Bishop, an engineering manager for an aerospace company, and Cooper, a commercial electrician, had met five years earlier and started hiking together almost every weekend during the height of the pandemic. They shared a love of solitude and summits that made them excellent companions, in sync on where and how they wanted to explore. Cooper created a YouTube channel, The Path Least Taken, to document their adventures, including the Baring Mountain trek. 

The men chatted and took turns filming each other as they picked their way through brush and lime-green ferns, gaining almost 2,000 vertical feet in less than half a mile. “Keeps you on your edge, that’s for sure,” Cooper says to Bishop in one clip. Mountain views unfurled on both sides of the ridgeline, overlooking the ancestral homelands of Indigenous people from the Tulalip, Stillaguamish, Snoqualmie and other tribes, where some still harvest huckleberries and cedar today. Far below, beyond the trees, the South Fork of the Skykomish River meandered in a silver-blue ribbon. The trail funneled Bishop and Cooper into a boulder-filled gully. They glimpsed blue sky as they scrambled up the rocky chasm and started their final push to the summit. 

The view from the next outcrop brought them to a halt. At the trailhead that morning, they’d noticed some smoke, but thought it was acrid haze from fires in eastern Washington — not a big deal, as long as they could breathe easily. But now it was more than haze: Deep orange flames and dark gray plumes of smoke blocked the sky. This was a new fire, three peaks down the ridgeline — and headed their way. 

Bishop pulled out his phone and saw a text from his wife of 23 years, Sonia. She’d noticed smoke while setting up a church classroom 40 miles away in Snohomish and texted to ask if he was all right.

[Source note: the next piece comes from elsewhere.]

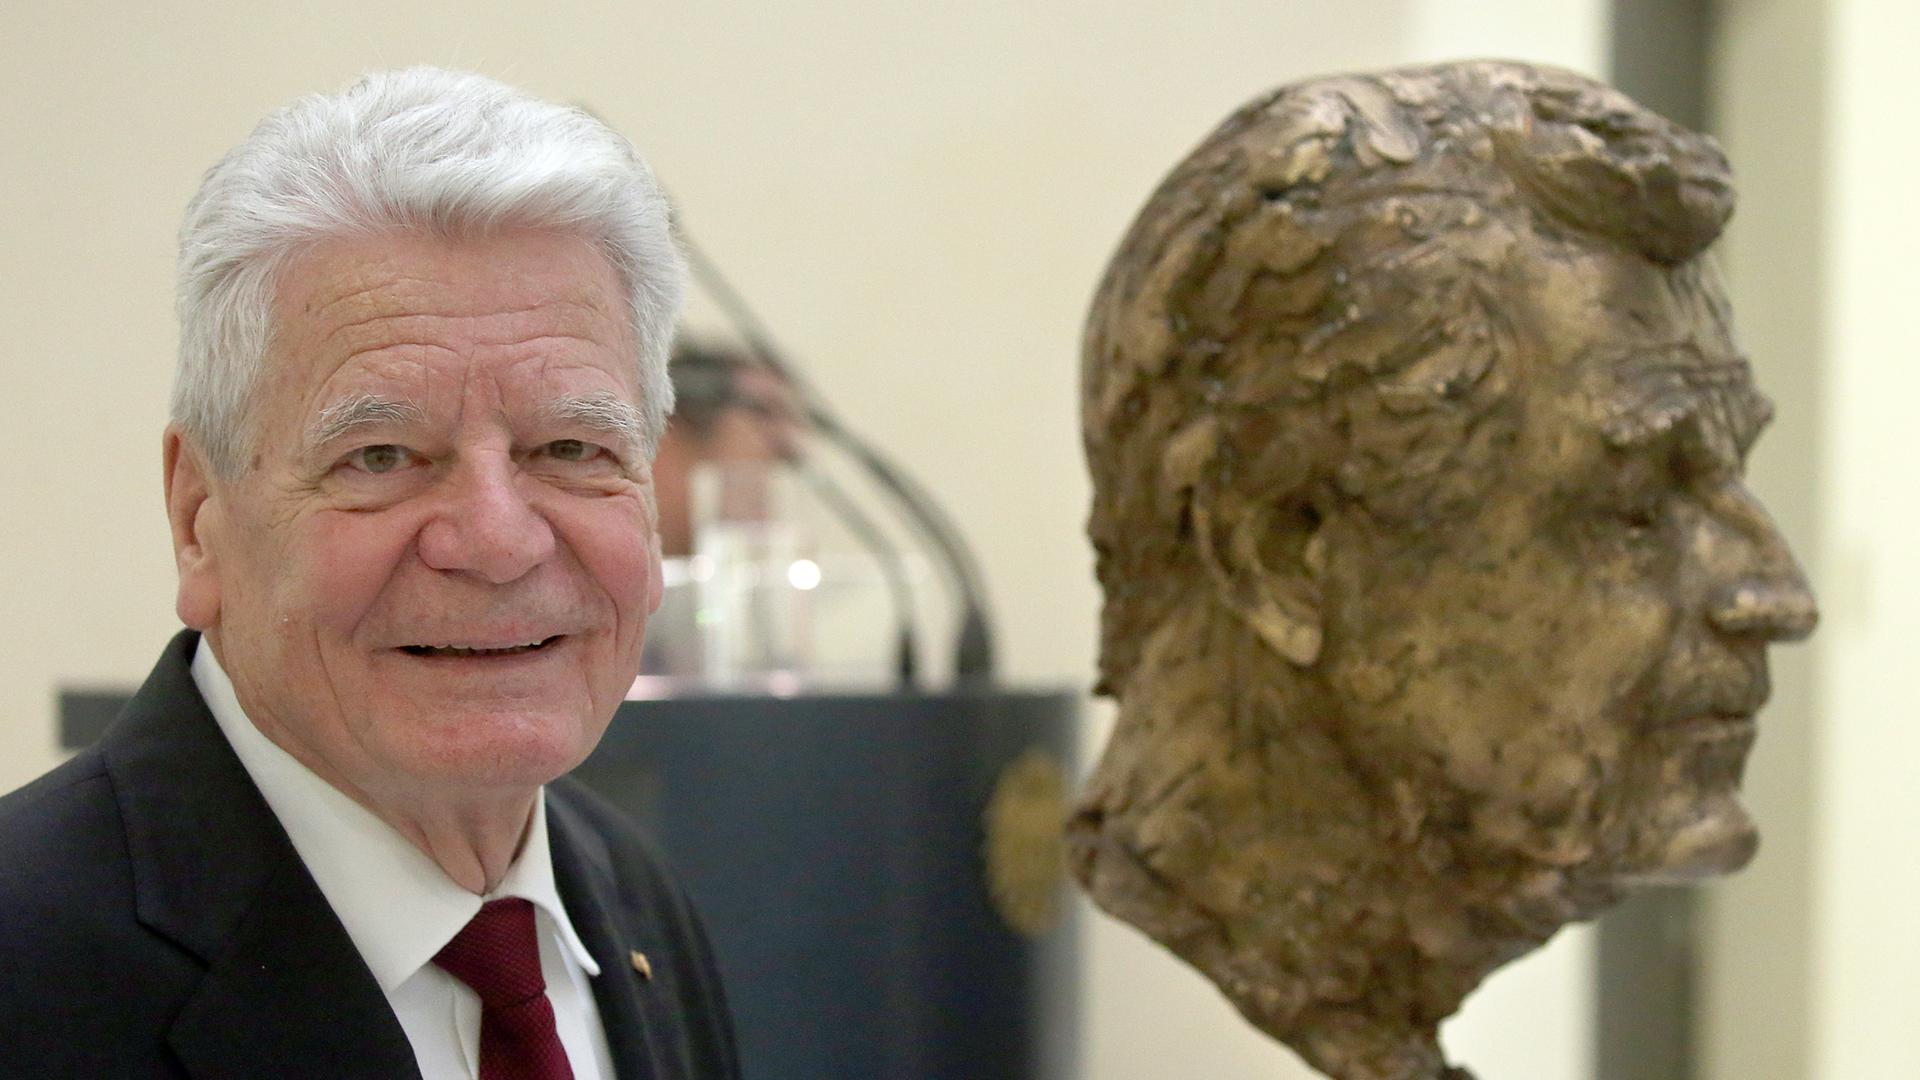 Büste für Ex-Bundespräsident - Steinmeier würdigt Gaucks Mut zur Kontroverse

Bishop sent her photos of the mountains, surrounded by smoke and flames, and a message: “love you.” “That looks too close,” she replied. 

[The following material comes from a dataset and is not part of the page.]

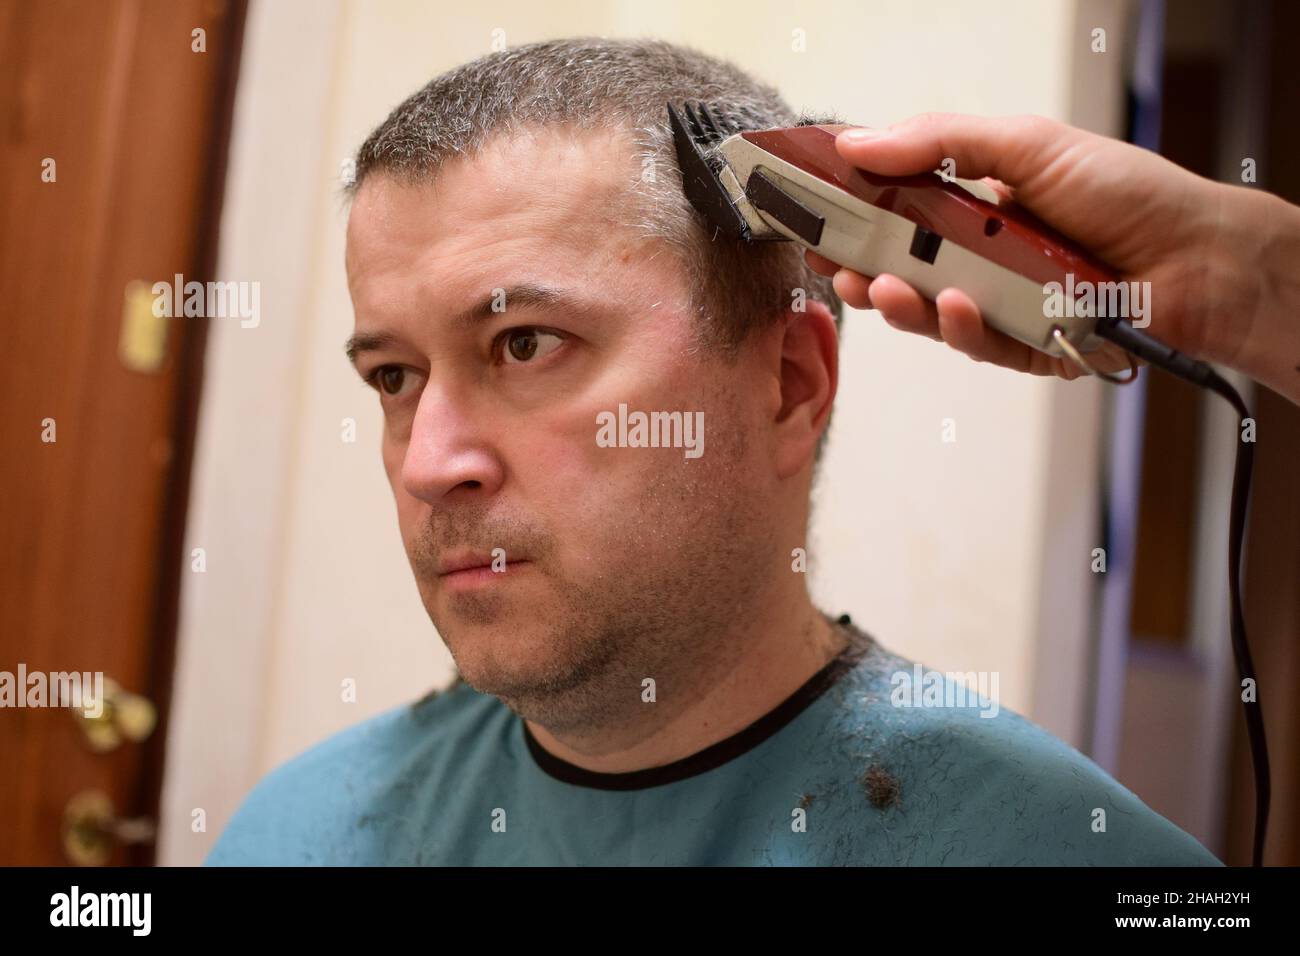 Un homme adulte est tondu avec une tondeuse à cheveux et s'assoit face à l'appareil photo.Peut-être à la maison dans un verrouillage Banque D'Images

Bishop suggested turning back and Cooper, on video, agreed.  “Yeah, we’re going to turn around,” he said. “I don’t want to risk it.” His voice trailed off. “It’s going to blow up,” Cooper added. “I see the flames.”

“It’s pretty big,” Bishop agreed off-camera, his voice muffled by high winds that had set the evergreens around them dancing, their branches swaying. Bishop texted Sonia: They were getting out. The hikers hurried back down the gully they’d just ascended. 

“We’re going to turn around. I don’t want to risk it.
It’s going to blow up. I see the flames.”

The view of the Bolt Creek Fire from Baring Mountain.  

But the blaze had other plans. Halfway down the chute, Bishop and Cooper watched in horror as the fire, hungry for fuel, snaked its way around the backside of the ridge and emerged in front of them. Flames engulfed the trail below the gully, consuming their escape route, roaring like a jet engine preparing for takeoff. “Oh fuck,” Cooper said. “That came fast, dude.” “Hopefully you guys get to see this video,” Bishop added, brow furrowed. “Otherwise, we didn’t make it.” He sent another message to his wife: “We’re trapped.”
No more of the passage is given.